The standard C library defined by POSIX reflects the internal design of Unix file systems without hiding its flaws. Consequence: internally non-obvious operations have non-obvious solutions, and non-solutions that are as tempting to use as a chocolate cookie (up until your tongue warns you that it was in fact raisins).

The most critical interface for file operations is open. It returns a file descriptor to operate the file. It takes a handful of required flags and a ton of optional ones. Most famous amongst the required ones are O_RDONLY if you will only read, O_WRONLY if you don’t feel like reading anymore, and O_RDWR if you hate picking a side.

Among the optional flags, O_CREAT creates the file automatically if it doesn’t exist, O_TRUNC empties the file, and O_APPEND forces you to write only at the end. (What a coincidence that appending is both fast in file systems and has a shortcut!)
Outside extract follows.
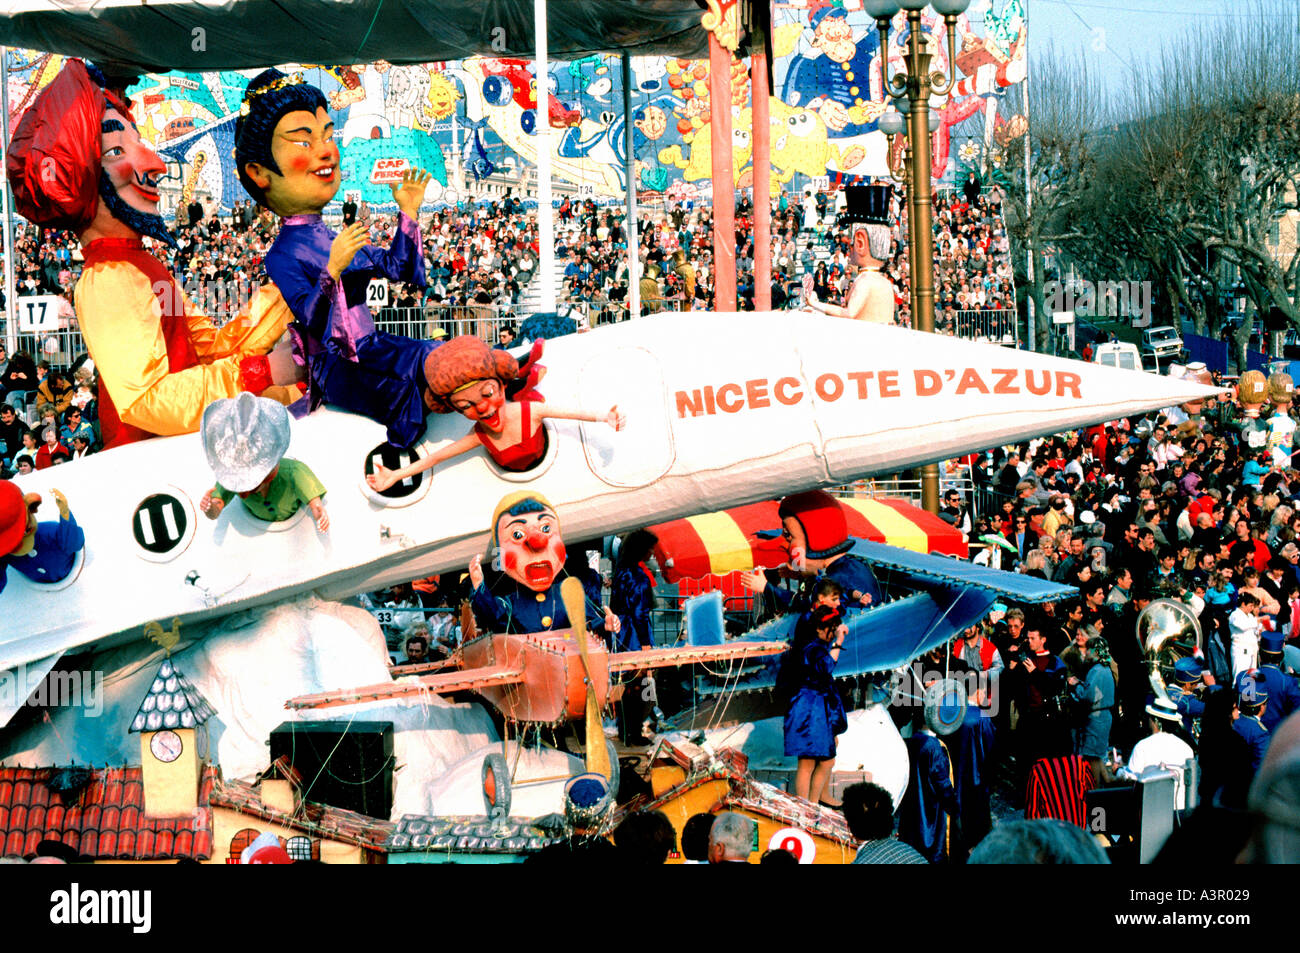 NIZZA, FRANKREICH, große Menge von Menschen feiern beim Karneval VON NIZZA Karneval FESTWAGEN, Bräuche und Traditionen Frankreich Stockfoto

However, most people use fopen, a layer on top of open, which unfortunately has very strange defaults. Instead of the flags we understand, it has string modes that seem to mean something they do not do. Here are the nonsensical rules.

"r" is the only one that prevents writing,
If the string has an r, it doesn’t create a file automatically,
If the string does not have a +, it cannot both read and write,
If the string has a w, it empties the file,
If the string has an a, all writes append to the file (finally one that does what is on the cover!)

For instance, "r+" can write, but won’t create a file automatically for some reason.

The modes offered by fopen barely target what people actually do with a file:

Read a configuration file: "r",
Write logs: "a",
Update a whole file: nothing.

For more precise operations, use "r+". All other possibilities are most likely bugs waiting to be found. Special mention to "w+" which empties the file it allows you to read! In fact, the main lesson of this blog post is that O_TRUNC has only one, very rare, use-case: emptying a file, without removing it, without writing to it. You should essentially never use "w".

Naturally, Node.js favours fopen-style modes, instead of the more elegant open.

Naturally, its default mode for write operations is the useless "w".

Async IO

Now that we have background information, let’s dig into the first issue.

A long-standing problem in HTTP server software is C10K, ie. hitting 10k concurrent clients to serve with a single machine. A large part of beating that figure is dealing with how slow IO is. Fetching a file on disk takes a long time! And by default, POSIX system calls make your program wait for the file to be read, and your program just sits there doing nothing in the meantime, like a passenger waiting for the bus to come.

Fortunately, POSIX includes a special switch to avoid waiting: O_NONBLOCK. It is part of open. When an IO operation is performed, you can do whatever you want, even though the operation is not done. Later on, you can call poll() or select() or kqueue() (depending on the OS you use), and learn whether the operation is done.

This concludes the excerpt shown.